━━━ DATASET EXTRACT ━━━
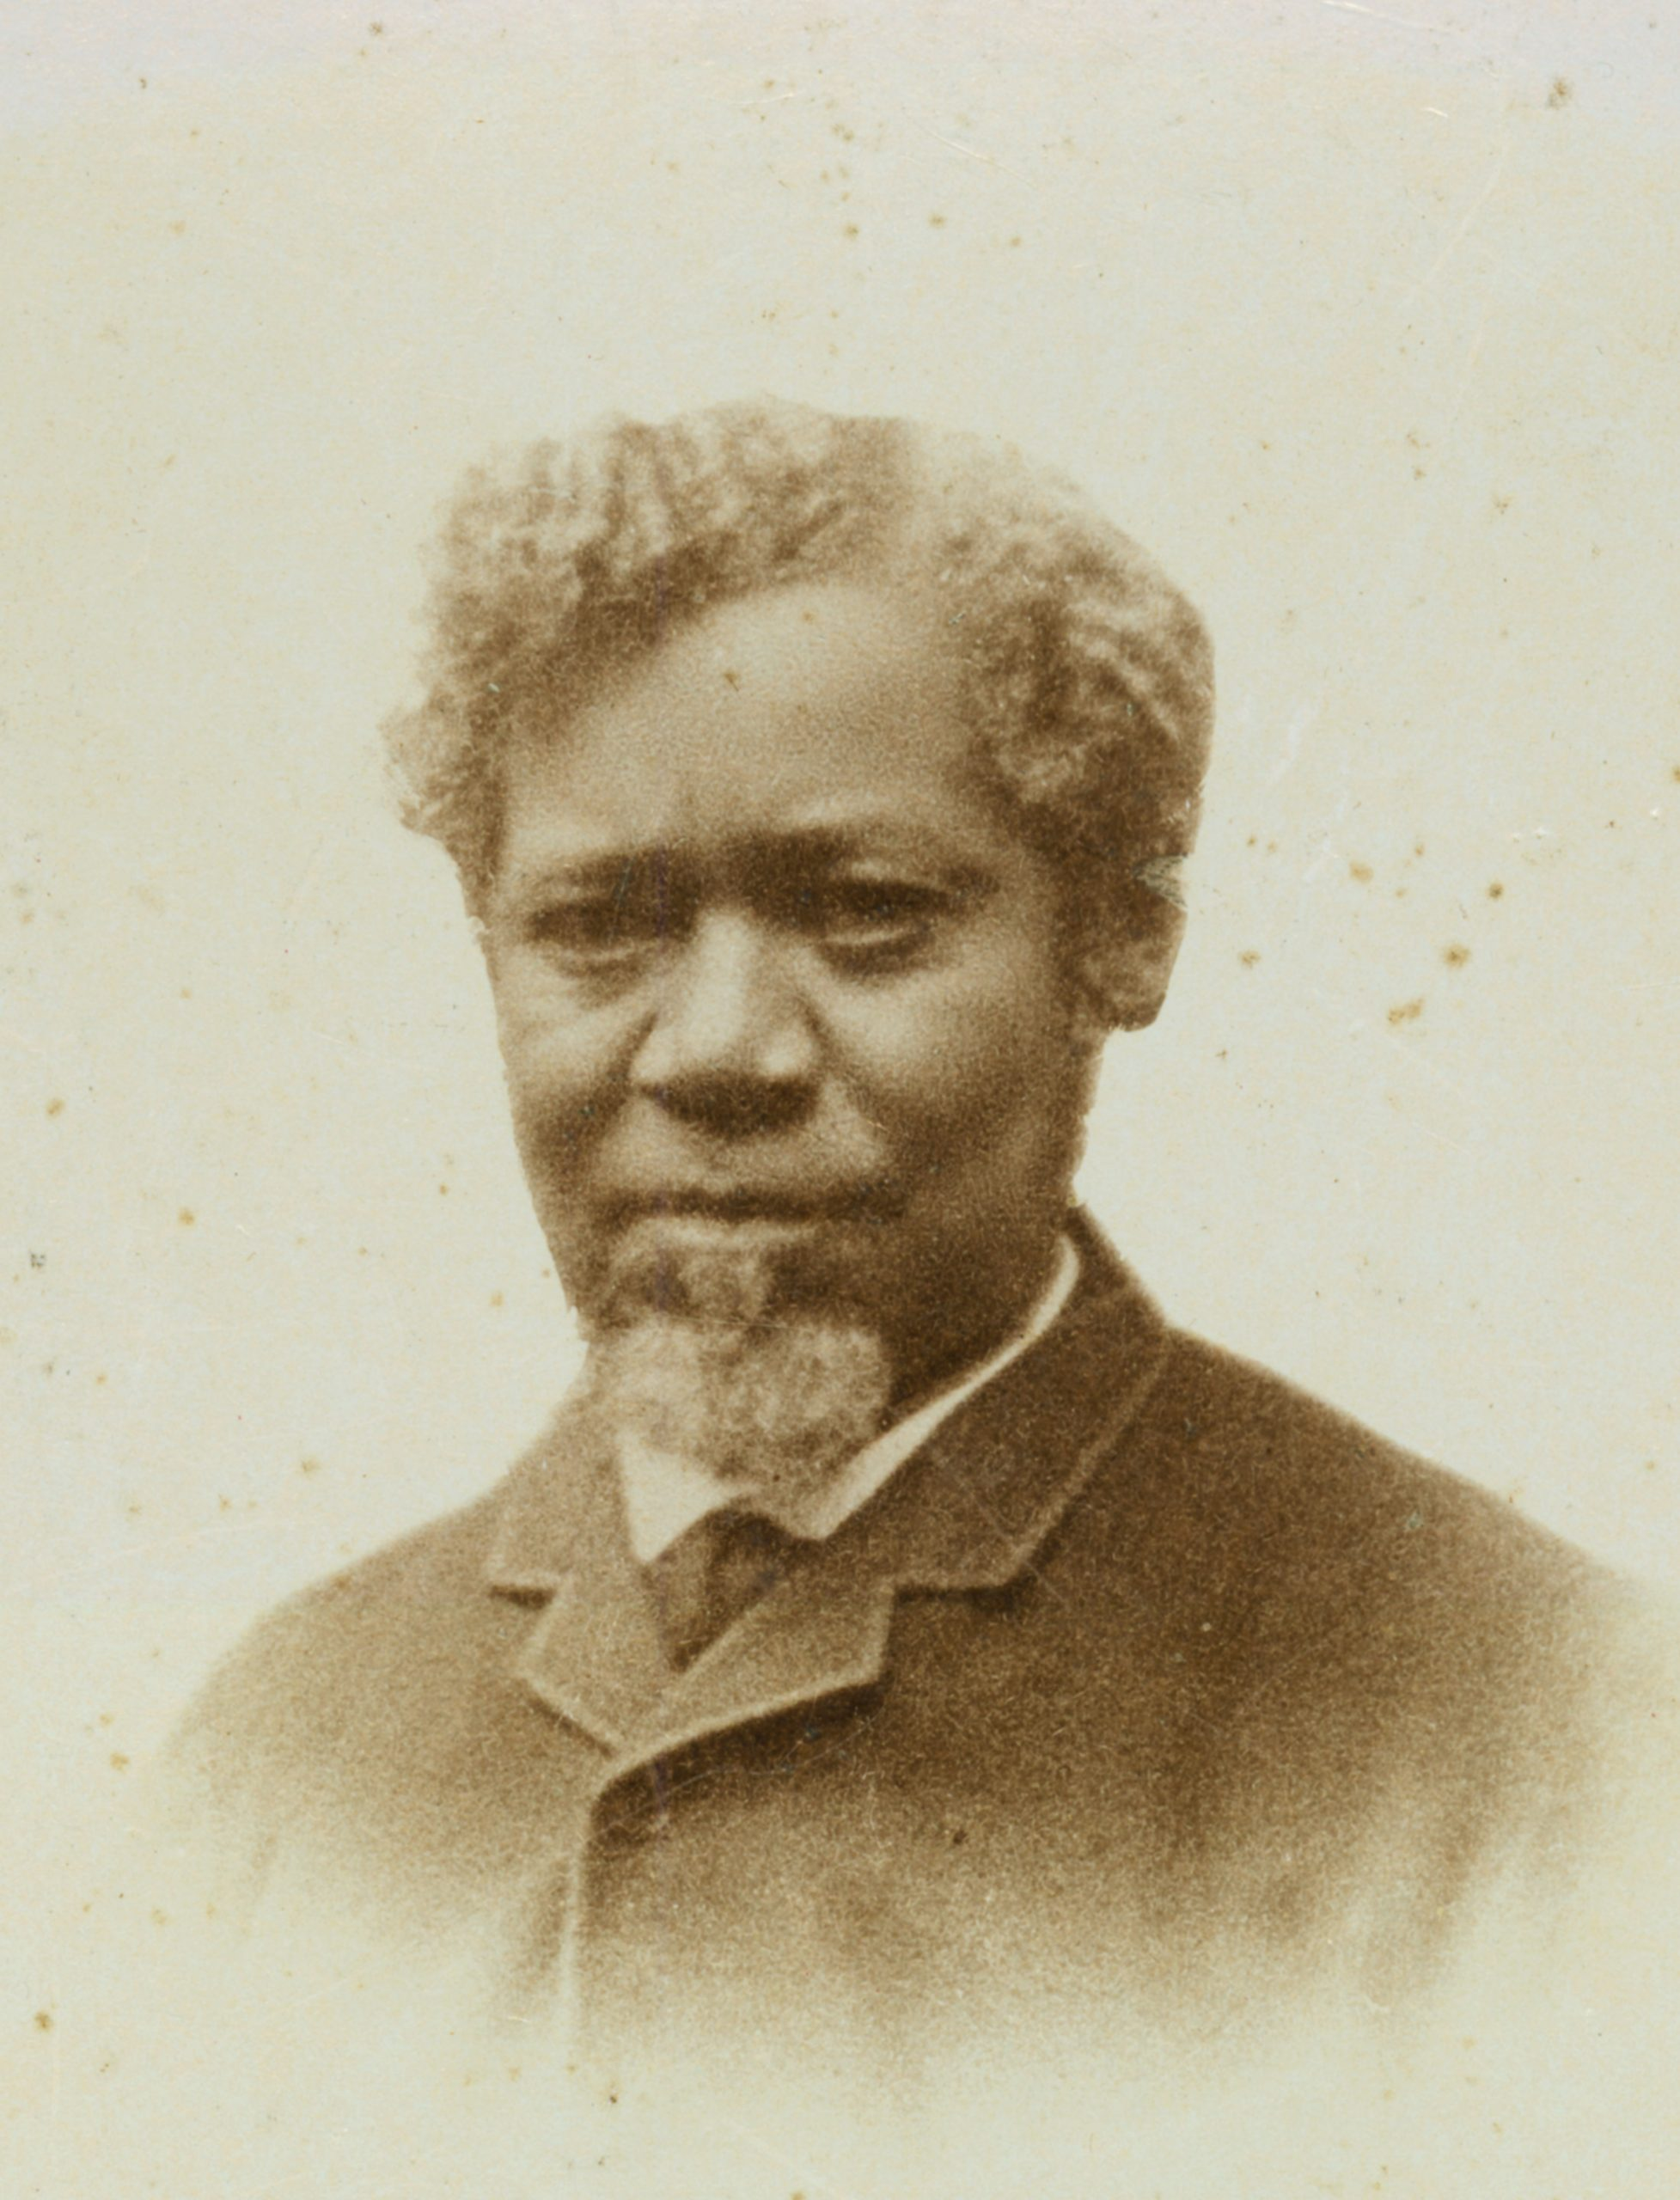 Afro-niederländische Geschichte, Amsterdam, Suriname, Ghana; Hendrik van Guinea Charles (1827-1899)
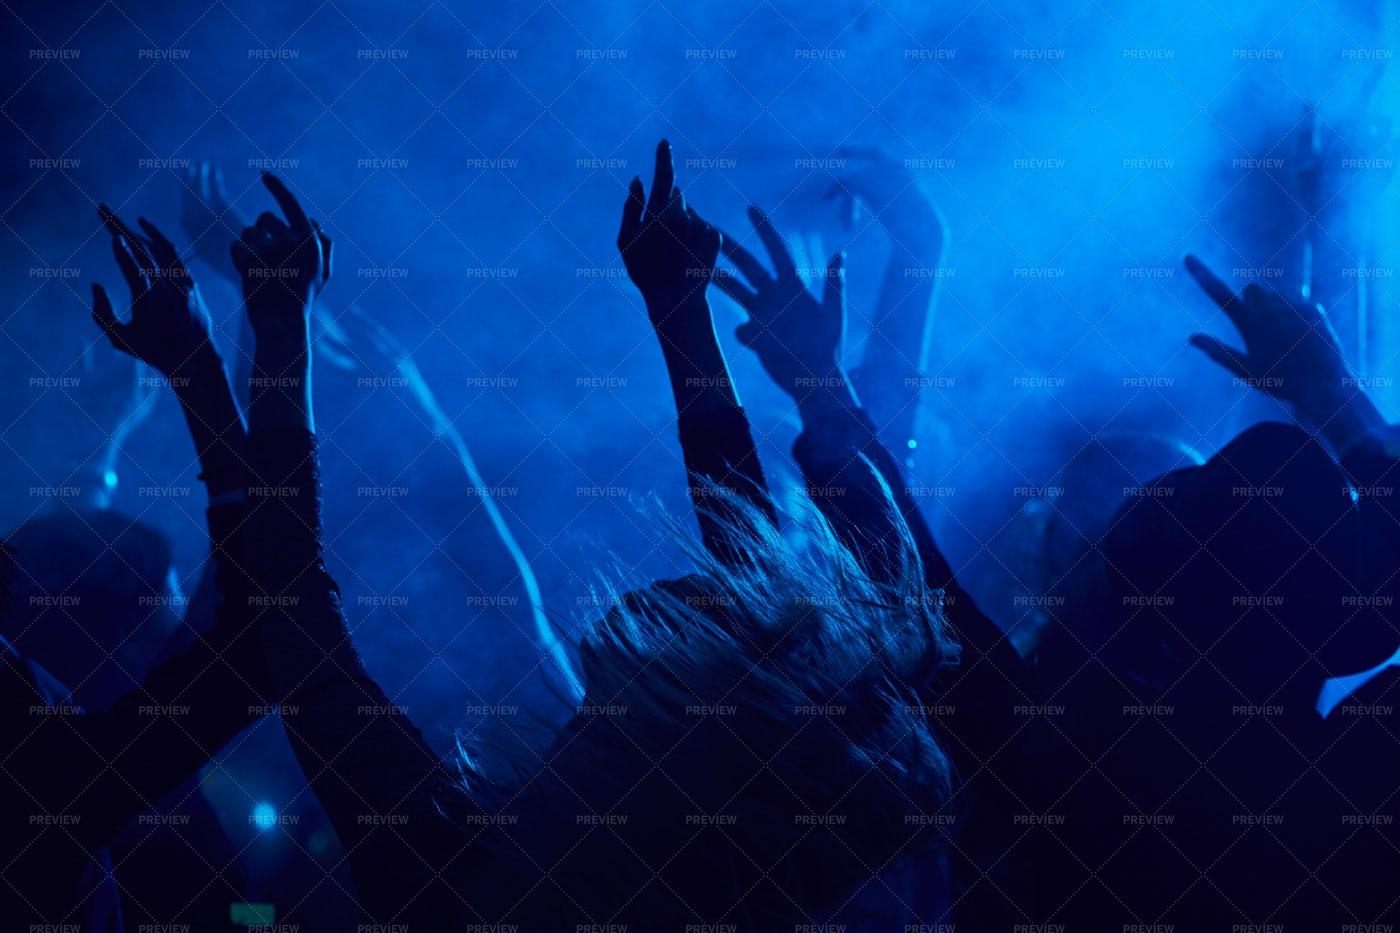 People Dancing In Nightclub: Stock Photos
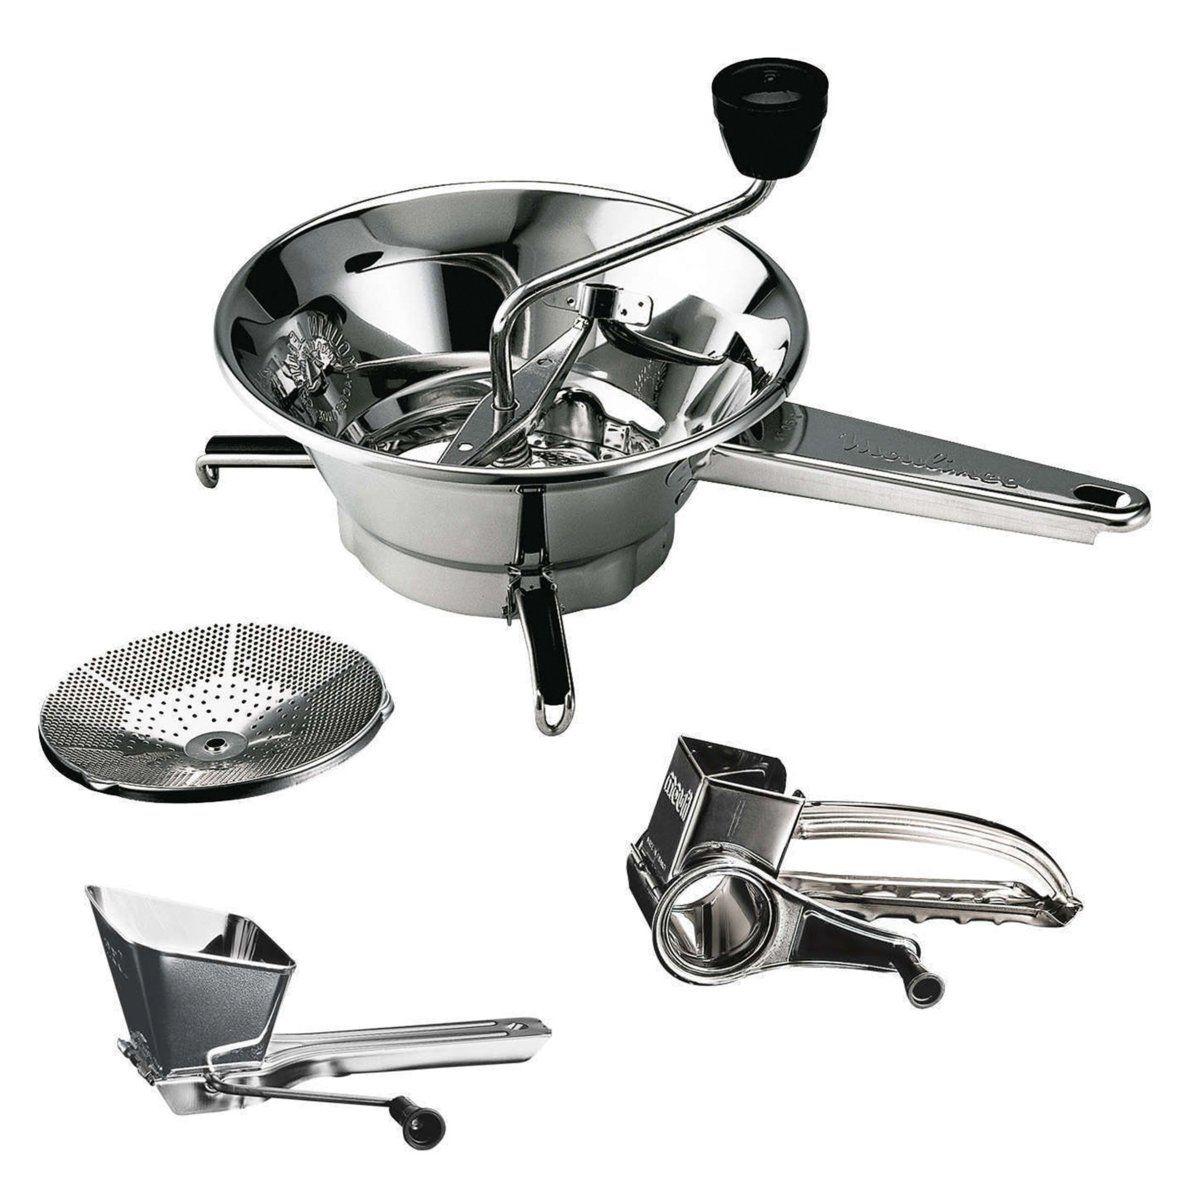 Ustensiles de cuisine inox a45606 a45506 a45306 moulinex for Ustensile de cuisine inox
━━━
WHAT YOU SHOULD DO: Leaving out all pictures, transcribe the listing exactly.

SOLUTION TO THE EXERCISE:
 Afro-niederländische Geschichte, Amsterdam, Suriname, Ghana; Hendrik van Guinea Charles (1827-1899)
 People Dancing In Nightclub: Stock Photos
 Ustensiles de cuisine inox a45606 a45506 a45306 moulinex for Ustensile de cuisine inox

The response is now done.